# Blacklist and whitelist

The content that appears on the article pages of a Tenant is extracted with Boilerpipe from the source code of the original website.

To deliver a clean and fluid UX in mobile, there are extraneous elements from the Desktop version that are filtered by default.

The whitelist and blacklist are what direct Boilerpipe to omit or add the specific elements that are needed.

Both the whitelist and blacklist are defined in a tenant's definition.json inside configuration.

"whitelist": "elements_to_include",
"blacklist": "elements_to_remove"

The elements can be HTML classes or ids listed without any class or id mark (. or #) and separated by a comma without space.

HTML tags can also be added in capital letters (e.g. ASIDE), and it also accepts attributes defined like this: [attribute=anyData]

Adding == to the beginning of a class will either blacklist or whitelist the elements that only have that specific item. Elements that have the same class besides others will not be affected.

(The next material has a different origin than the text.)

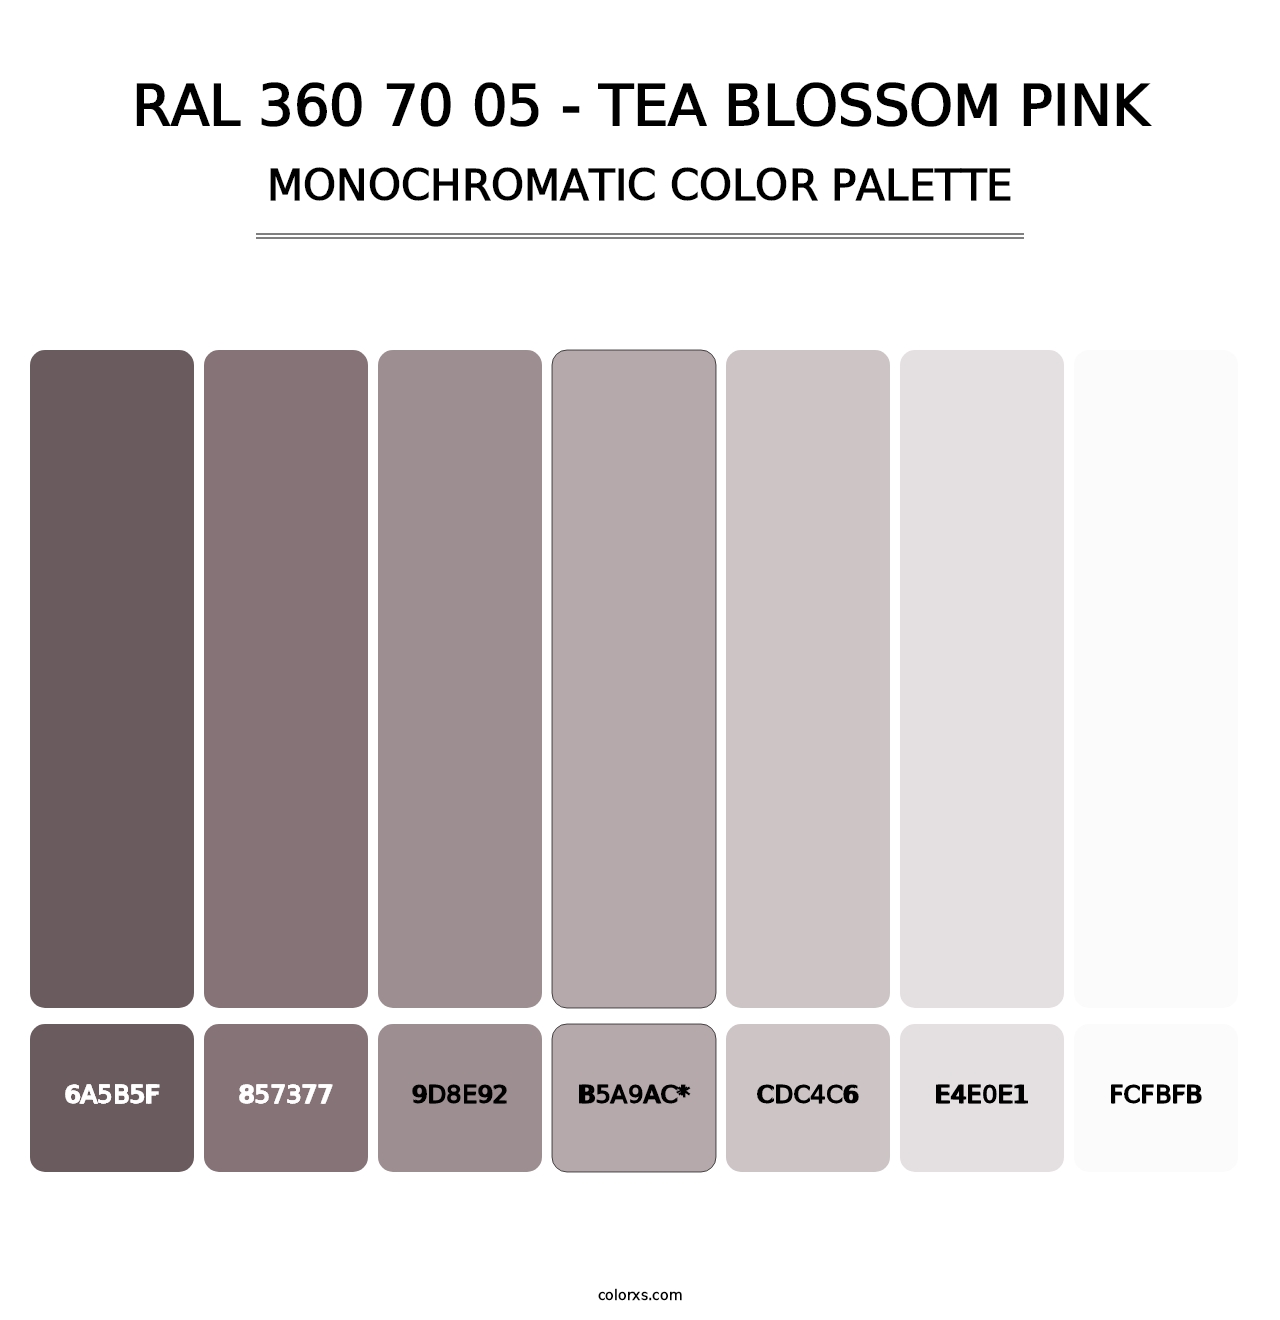 RAL 360 70 05 - Tea Blossom Pink - Monochromatic Color Palette

For example, if we had these two HTML elements:

<div class=“a”>A</div>
<div class=“a b c”>A B C</div>

The following line would only remove the first element because the second one has more classes other than “a”:

"blacklist":"==a"

Blacklist has priority over whitelist. Therefore, if the same selector is both blacklisted and whitelisted, it won’t show. To reverse this behavior in very specific cases where this may be needed, the greedyWhitelist flag can be added.

# Whitelist

whitelist identifies elements or characteristics for Boilerpipe to extract and use on a Tenant.

Examples might include author name, tags, publishing date, etc.

"whitelist": "[href=/author/],slideshow-subtitle,article-full-picture,cover-img,[itemprop=datePublished],img-credits"

# Blacklist

blacklist avoids the extraction of elements.

Defined items might include a publisher's sharing bar, which would be excluded because Marfeel provides a native auto-hiding social sharing bar by default or an image that does not have to be in mobile.

"blacklist": "desktop-footer,==off-phones,article-bottom-blocks-comment-layout-cell-sidebar,OUTBRAIN,term-name-descriptionH3"

WARNING

This applies to Boilerpipe, affecting only article pages. To exclude a section or a group of articles, use blacklistedUrlPatterns.

TIP

There are other extraction flags that can be added in definition.json to cover the needs of every Tenant.